Olives, rosemary, garlic, and capers give this recipe a Provençal accent. Pine Ridge Vineyards Contemplate, a berry-forward blend, has a bright, zesty quality that seems made for lean meats off the grill. Use some of the same wine in the tapenade to enhance the marriage.
½ cup (packed) chopped, pitted kalamata olives
½ cup (packed) chopped, pitted oil-cured olives
4 tablespoons drained and chopped capers
4 anchovy fillets, drained and minced
1 or 2 cloves garlic, minced
1 orange, zested
1 teaspoon chopped thyme
3 to 4 ounces extra-virgin olive oil
1 cup diced dried black mission figs
1 cup Pine Ridge Vineyards Red Wine
Salt and pepper to taste
2 cloves garlic, minced
2 tablespoons chopped rosemary
1 lemon, zested
2 teaspoons cracked black pepper
2 ounces extra-virgin olive oil
2 pounds lamb tenderloin*
Mix both types of olives, capers, anchovies, garlic, orange zest, thyme, and olive oil in a bowl and set aside.
Place the diced figs and red wine in a small heavy-bottomed saucepan. Simmer until liquid thickens. There should be 1 to 2 tablespoons of syrup remaining in the bottom of the pan. Remove from heat and set aside to cool.
When the figs have cooled, add to the olive mixture and adjust with salt and pepper to taste.
The tapenade may be made ahead and refrigerated. Bring to room temperature before use.
Stir together the garlic, rosemary, lemon zest, black pepper, and olive oil in a small bowl. Rub the mixture into the lamb loin. Wrap in plastic and refrigerate overnight.

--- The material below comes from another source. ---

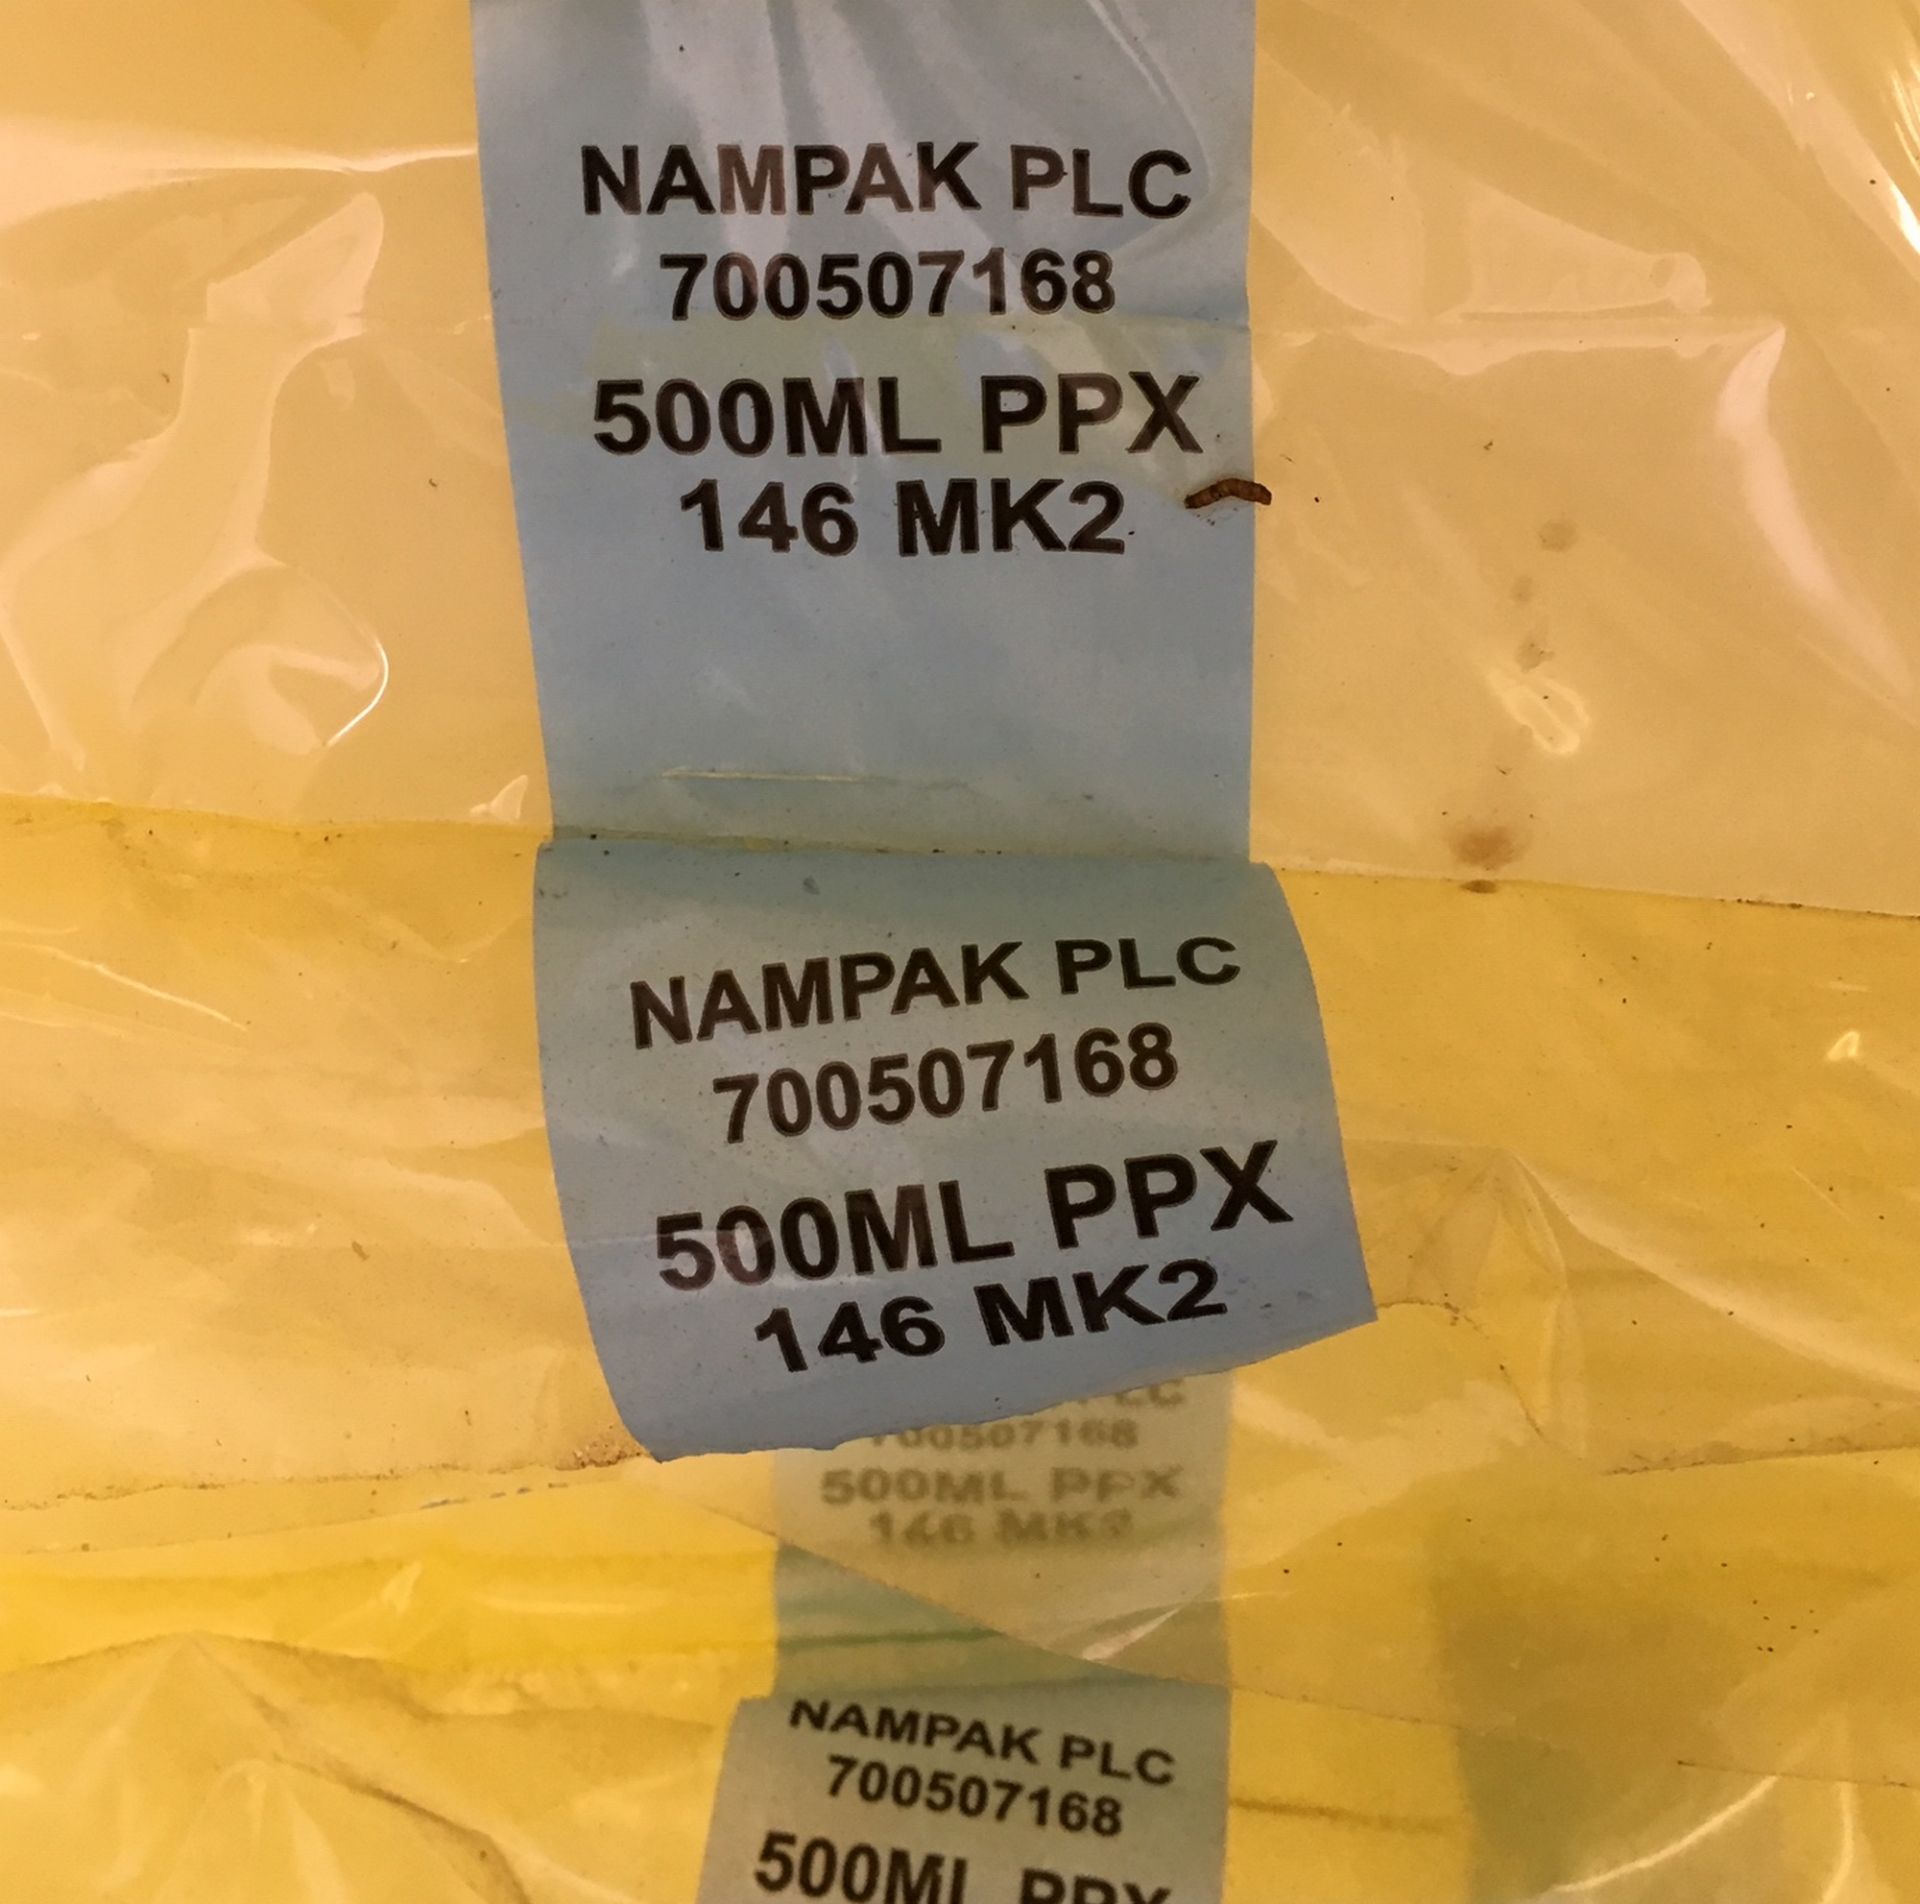 24 packs of Nampak 500ml Plastic Bottles each pack containing 112 pieces - 2688 bottles in total. - Image 2 of 2

Take the lamb out of the refrigerator 45 minutes before cooking. Sprinkle each tenderloin liberally with salt.
Heat a grill or grill pan to high. Drizzle the lamb with olive oil and grill until golden brown on both sides and cooked to medium-rare doneness, about 2 minutes per side. Let the lamb rest for 10 minutes before slicing.
Slice the lamb and drizzle tapenade on top. Pass the extra tapenade at the table.
*Any cut of lamb would be delicious with this preparation: lamb chops, leg of lamb, or lamb shoulder.